### [INSTRUCTIONS TO FOLLOW]
Output, exactly and with no pictures, the line that contains "Vauxhall Cross transport" and every line that comes after it in the data below, the last one included.

### [THE DATA]
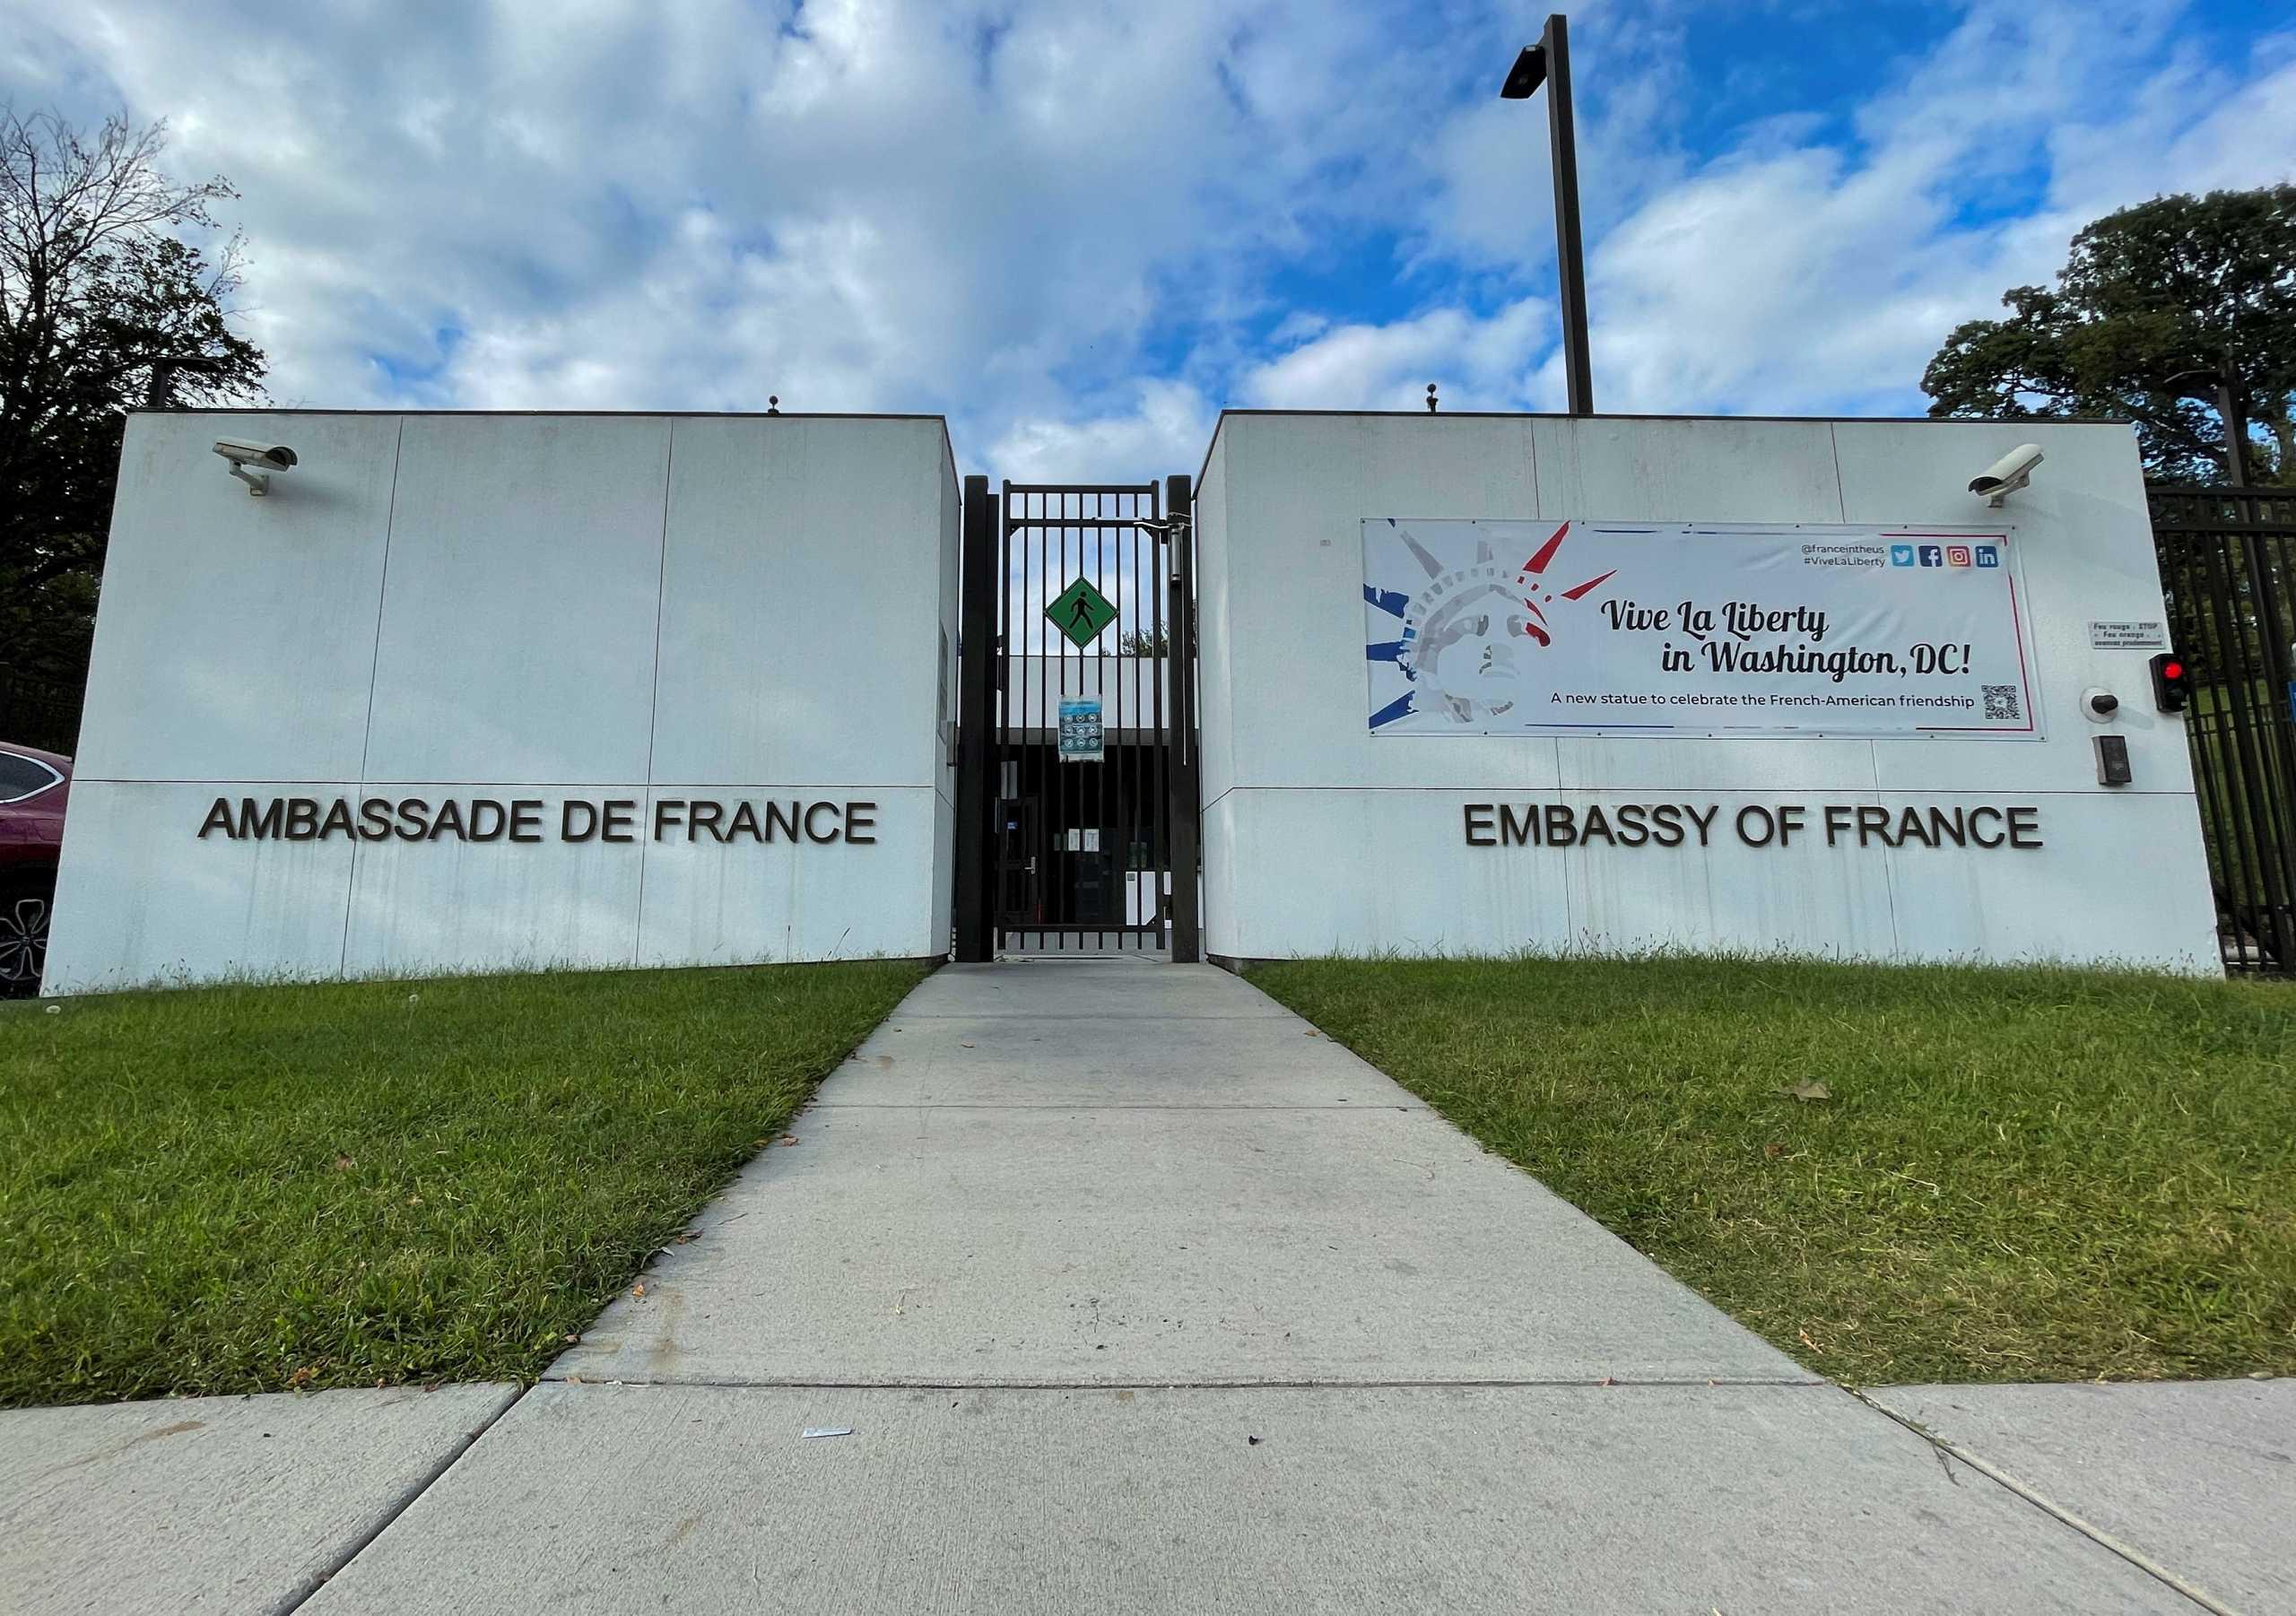 AUKUS – Γαλλία: Νέες αιχμές για την Αυστραλία – «Έκανε τεράστιο διπλωματικό λάθος»
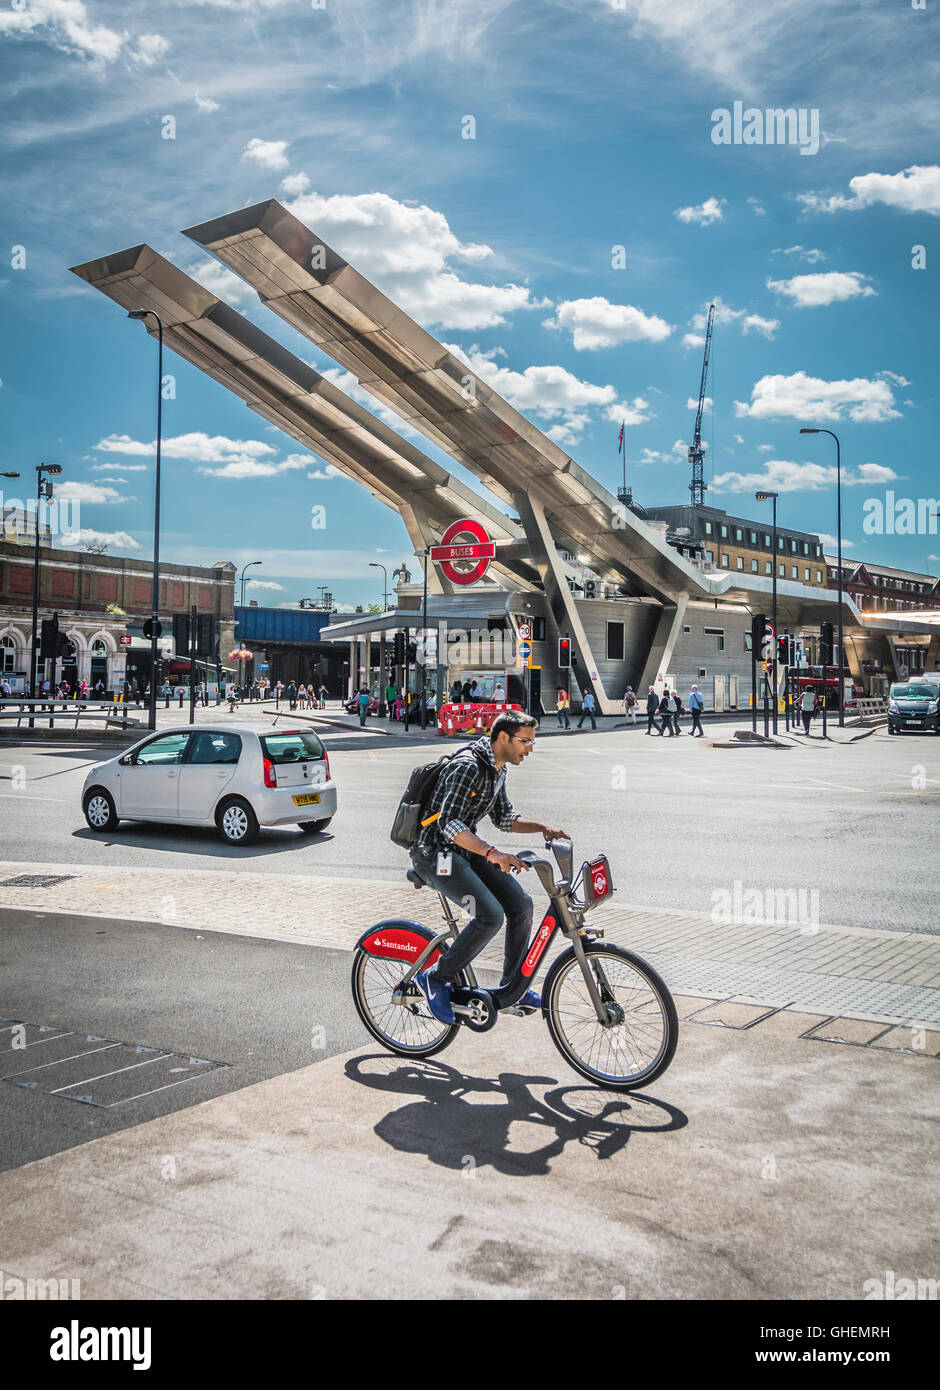 Vauxhall Cross transport interchange in the London Borough of Lambeth, London,  United Kingdom - Stock Image
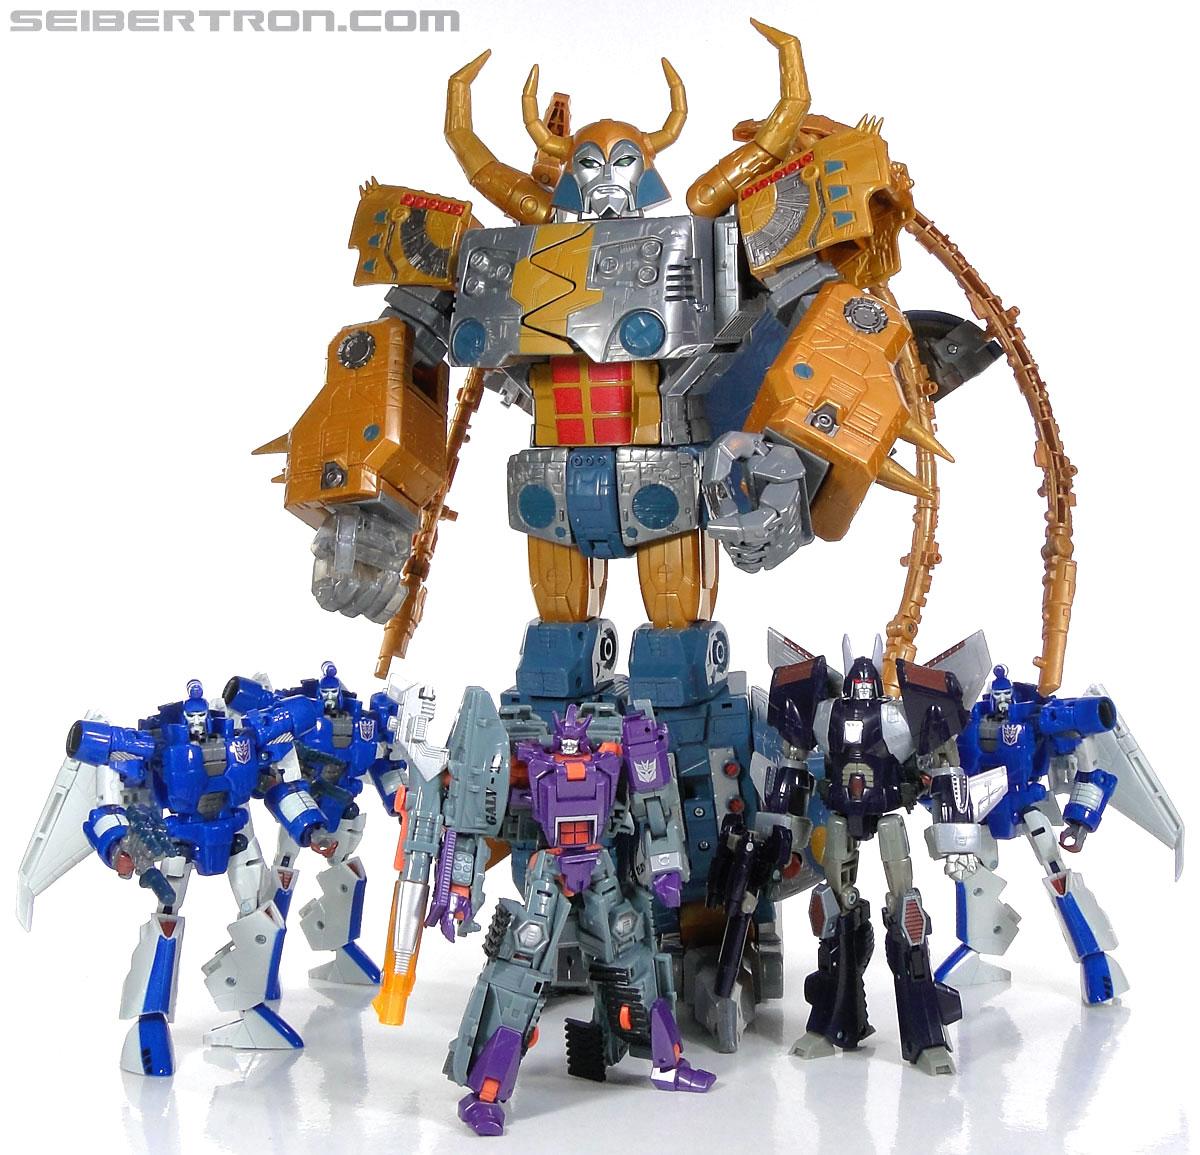 Transformers Generations Unicron (25th Anniversary) (Universal Dominator Unicron) (Image #256 of 262)

### [SOLVED EXERCISE]
 Vauxhall Cross transport interchange in the London Borough of Lambeth, London,  United Kingdom - Stock Image
 Transformers Generations Unicron (25th Anniversary) (Universal Dominator Unicron) (Image #256 of 262)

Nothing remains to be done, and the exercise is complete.